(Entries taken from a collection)

[Start of Attachment]

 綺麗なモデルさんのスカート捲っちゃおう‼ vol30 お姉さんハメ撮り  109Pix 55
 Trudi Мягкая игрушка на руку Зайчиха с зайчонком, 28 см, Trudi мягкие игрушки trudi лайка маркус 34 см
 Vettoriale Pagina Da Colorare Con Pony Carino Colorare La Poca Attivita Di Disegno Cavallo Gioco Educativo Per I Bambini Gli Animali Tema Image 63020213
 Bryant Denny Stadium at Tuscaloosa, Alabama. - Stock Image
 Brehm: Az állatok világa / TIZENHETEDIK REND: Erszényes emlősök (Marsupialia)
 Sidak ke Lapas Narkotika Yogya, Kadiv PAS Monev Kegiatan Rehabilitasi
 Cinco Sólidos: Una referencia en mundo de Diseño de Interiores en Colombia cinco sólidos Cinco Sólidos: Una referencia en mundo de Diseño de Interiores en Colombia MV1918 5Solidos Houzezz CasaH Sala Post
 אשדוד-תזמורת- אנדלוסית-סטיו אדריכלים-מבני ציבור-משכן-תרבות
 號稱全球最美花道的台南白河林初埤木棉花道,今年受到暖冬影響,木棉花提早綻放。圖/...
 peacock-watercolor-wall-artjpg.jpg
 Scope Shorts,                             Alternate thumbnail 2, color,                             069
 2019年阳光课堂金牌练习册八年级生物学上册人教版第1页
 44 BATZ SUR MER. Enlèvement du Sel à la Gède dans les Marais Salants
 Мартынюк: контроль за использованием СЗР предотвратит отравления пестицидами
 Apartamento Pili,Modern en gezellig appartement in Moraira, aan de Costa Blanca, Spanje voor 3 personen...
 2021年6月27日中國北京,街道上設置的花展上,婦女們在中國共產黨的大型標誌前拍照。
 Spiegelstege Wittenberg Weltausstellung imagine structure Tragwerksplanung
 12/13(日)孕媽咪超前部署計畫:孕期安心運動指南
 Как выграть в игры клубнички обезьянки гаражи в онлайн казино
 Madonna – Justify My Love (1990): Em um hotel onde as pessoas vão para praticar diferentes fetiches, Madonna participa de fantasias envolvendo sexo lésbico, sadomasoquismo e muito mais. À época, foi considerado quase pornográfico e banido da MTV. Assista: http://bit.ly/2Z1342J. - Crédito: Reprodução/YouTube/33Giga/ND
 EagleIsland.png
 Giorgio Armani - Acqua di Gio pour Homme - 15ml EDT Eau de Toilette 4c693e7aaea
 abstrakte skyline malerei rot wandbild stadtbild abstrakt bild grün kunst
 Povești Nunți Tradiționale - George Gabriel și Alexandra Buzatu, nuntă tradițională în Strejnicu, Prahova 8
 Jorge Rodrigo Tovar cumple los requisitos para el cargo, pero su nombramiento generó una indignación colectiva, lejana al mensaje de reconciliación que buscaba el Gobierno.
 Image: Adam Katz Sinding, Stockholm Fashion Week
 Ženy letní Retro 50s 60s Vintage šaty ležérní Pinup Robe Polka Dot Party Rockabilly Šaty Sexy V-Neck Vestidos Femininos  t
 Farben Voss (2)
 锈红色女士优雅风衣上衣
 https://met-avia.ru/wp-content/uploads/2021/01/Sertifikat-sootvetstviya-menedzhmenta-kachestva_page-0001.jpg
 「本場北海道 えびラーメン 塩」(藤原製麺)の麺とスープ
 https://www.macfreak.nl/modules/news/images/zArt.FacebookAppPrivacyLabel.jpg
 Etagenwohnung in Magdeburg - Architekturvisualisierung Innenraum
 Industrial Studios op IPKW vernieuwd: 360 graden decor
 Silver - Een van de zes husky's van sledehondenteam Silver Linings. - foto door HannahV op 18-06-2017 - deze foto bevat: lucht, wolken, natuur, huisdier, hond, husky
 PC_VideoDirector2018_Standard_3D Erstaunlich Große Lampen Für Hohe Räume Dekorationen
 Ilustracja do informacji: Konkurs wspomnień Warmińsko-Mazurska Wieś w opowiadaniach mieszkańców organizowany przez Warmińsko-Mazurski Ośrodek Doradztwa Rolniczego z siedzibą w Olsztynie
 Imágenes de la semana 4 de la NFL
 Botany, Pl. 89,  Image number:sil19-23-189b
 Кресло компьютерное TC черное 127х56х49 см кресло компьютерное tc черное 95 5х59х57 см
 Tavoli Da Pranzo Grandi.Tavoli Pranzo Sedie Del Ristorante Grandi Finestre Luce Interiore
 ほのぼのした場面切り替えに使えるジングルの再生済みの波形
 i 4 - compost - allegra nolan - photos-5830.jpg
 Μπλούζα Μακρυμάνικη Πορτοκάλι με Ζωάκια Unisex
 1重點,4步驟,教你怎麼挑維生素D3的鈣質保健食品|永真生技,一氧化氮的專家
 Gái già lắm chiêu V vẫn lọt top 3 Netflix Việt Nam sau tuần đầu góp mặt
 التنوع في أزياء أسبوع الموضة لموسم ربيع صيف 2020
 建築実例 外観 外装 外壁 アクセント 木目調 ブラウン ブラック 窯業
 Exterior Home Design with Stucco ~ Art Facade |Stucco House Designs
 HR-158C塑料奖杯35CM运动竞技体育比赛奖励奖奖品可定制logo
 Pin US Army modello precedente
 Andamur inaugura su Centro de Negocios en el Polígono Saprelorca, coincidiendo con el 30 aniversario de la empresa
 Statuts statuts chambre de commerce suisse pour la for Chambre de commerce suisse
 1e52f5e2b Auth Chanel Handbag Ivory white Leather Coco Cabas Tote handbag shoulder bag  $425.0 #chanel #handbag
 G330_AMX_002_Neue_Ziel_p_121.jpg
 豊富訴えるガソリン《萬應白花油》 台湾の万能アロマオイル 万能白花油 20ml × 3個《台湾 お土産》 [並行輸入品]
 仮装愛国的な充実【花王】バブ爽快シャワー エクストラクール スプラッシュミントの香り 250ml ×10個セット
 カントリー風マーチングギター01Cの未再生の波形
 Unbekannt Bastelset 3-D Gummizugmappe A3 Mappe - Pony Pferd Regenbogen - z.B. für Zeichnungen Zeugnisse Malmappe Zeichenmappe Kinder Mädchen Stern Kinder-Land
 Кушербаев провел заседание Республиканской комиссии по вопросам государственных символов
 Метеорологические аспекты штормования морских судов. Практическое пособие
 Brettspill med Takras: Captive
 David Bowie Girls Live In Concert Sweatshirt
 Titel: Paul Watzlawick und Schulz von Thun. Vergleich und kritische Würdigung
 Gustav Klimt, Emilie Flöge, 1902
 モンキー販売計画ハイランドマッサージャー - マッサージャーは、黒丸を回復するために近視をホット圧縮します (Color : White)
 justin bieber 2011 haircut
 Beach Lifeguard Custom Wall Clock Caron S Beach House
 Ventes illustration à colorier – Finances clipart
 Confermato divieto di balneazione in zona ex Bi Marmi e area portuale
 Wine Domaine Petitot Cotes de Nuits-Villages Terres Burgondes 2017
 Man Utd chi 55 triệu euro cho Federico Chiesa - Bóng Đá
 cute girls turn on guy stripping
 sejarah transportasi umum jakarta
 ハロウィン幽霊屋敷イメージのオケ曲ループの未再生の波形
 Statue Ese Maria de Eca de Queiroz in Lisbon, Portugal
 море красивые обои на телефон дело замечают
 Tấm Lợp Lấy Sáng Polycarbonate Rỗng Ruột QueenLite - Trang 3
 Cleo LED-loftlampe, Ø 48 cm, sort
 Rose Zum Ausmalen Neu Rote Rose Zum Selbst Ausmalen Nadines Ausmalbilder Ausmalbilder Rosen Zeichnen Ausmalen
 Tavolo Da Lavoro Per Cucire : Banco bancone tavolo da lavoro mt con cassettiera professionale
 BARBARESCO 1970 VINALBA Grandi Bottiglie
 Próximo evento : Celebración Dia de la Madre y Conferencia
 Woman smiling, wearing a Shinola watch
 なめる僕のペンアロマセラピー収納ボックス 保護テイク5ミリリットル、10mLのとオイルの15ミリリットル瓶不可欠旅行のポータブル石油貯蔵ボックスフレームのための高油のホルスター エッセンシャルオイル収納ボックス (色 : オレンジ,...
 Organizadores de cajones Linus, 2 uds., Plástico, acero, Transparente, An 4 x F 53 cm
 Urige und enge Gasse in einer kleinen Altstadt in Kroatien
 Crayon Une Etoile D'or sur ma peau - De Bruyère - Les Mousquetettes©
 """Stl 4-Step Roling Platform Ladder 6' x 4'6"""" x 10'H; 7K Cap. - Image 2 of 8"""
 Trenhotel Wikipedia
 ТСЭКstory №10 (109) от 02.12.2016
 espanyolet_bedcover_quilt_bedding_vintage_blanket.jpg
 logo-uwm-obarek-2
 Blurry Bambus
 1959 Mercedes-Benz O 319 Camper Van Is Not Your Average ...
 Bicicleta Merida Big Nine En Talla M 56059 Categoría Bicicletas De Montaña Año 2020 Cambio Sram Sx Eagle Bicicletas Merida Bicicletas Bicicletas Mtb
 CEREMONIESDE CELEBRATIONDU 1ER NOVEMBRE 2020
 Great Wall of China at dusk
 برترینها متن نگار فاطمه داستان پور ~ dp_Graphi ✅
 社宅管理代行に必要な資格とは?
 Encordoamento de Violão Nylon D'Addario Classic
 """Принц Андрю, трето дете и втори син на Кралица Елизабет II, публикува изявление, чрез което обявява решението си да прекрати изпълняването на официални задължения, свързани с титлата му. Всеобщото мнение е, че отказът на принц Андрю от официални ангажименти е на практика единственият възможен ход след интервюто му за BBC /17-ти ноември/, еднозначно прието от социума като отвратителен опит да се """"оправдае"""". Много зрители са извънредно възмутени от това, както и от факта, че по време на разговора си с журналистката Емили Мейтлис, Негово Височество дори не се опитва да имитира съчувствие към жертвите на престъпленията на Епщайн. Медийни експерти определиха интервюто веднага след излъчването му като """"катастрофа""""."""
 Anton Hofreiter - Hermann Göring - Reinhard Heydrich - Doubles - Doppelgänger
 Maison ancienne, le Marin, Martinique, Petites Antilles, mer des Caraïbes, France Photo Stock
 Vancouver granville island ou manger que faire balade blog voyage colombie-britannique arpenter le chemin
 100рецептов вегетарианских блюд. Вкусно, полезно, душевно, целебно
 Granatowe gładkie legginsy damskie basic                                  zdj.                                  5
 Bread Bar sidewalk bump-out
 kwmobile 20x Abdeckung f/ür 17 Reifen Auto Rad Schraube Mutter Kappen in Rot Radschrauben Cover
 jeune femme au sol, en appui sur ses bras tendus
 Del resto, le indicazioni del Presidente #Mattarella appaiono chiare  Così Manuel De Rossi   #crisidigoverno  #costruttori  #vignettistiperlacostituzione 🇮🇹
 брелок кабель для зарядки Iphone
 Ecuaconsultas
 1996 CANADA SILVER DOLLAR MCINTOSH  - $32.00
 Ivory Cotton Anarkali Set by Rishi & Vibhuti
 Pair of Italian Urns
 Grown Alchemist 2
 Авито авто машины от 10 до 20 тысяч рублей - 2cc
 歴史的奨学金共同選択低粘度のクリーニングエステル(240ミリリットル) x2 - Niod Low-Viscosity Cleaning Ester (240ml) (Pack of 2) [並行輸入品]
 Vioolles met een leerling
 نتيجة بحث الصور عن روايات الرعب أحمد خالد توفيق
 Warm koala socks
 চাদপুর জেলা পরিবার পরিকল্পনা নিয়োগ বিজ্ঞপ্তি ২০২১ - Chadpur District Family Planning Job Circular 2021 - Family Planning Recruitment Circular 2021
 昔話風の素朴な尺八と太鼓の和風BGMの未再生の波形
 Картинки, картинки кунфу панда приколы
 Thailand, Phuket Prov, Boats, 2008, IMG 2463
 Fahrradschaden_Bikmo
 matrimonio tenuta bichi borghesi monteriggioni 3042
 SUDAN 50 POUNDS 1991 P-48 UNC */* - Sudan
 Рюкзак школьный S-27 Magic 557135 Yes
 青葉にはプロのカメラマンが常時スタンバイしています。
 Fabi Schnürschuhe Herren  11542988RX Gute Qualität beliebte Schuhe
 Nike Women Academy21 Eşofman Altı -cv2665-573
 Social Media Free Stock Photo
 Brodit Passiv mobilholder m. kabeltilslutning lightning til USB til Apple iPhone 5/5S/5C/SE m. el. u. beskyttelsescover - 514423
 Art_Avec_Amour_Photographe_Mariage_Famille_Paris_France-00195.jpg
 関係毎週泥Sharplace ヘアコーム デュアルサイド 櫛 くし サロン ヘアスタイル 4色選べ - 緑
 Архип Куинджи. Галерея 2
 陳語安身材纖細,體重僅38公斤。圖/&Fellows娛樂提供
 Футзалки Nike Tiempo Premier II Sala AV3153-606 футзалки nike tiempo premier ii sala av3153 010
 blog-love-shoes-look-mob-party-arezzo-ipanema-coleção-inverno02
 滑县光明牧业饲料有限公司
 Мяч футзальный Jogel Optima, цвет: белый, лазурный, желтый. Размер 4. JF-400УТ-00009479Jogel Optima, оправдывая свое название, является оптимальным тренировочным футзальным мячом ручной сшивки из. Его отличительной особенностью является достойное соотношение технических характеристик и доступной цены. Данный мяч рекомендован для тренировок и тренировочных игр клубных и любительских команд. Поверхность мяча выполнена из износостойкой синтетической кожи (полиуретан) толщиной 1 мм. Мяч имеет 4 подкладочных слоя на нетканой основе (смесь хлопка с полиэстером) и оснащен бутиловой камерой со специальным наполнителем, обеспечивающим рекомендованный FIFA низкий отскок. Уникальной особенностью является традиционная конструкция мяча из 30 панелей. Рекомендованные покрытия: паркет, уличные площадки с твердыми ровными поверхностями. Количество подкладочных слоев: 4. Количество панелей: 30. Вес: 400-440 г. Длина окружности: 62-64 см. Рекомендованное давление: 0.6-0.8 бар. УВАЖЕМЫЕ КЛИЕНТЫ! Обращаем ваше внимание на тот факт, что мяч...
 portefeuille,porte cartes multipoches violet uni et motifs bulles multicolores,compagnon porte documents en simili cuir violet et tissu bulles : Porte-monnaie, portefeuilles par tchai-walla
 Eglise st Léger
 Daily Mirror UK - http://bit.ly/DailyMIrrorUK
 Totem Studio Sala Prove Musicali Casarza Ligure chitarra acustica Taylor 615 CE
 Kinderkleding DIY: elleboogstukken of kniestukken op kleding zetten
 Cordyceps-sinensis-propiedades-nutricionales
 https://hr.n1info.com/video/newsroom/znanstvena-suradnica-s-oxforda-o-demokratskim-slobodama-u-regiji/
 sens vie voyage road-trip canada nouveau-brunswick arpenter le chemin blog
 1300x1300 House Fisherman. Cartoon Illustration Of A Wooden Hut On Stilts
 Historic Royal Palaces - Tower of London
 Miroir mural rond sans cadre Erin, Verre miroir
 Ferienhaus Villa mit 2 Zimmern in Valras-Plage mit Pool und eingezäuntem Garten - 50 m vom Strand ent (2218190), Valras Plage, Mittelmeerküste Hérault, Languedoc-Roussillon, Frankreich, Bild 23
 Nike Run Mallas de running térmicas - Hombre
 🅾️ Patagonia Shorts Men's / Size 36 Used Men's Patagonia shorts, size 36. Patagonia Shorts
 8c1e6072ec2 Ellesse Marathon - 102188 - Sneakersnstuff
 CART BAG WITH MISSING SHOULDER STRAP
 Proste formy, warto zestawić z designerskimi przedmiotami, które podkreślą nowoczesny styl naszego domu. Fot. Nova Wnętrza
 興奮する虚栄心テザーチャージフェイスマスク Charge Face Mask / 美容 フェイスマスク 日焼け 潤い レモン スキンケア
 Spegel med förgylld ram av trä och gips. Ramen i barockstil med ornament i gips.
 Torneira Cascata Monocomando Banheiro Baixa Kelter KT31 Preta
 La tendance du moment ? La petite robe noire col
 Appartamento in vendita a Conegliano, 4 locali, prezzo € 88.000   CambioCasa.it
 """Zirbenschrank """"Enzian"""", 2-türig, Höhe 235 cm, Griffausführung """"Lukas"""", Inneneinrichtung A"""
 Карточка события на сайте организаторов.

[End of Attachment]

**What to do**
All that should be written out is the stretch of lines above between the one holding "Vettoriale Pagina Da" and the one holding "Sidak ke Lapas", inclusive, exactly as given.

**Solution to this problem**
 Vettoriale Pagina Da Colorare Con Pony Carino Colorare La Poca Attivita Di Disegno Cavallo Gioco Educativo Per I Bambini Gli Animali Tema Image 63020213
 Bryant Denny Stadium at Tuscaloosa, Alabama. - Stock Image
 Brehm: Az állatok világa / TIZENHETEDIK REND: Erszényes emlősök (Marsupialia)
 Sidak ke Lapas Narkotika Yogya, Kadiv PAS Monev Kegiatan Rehabilitasi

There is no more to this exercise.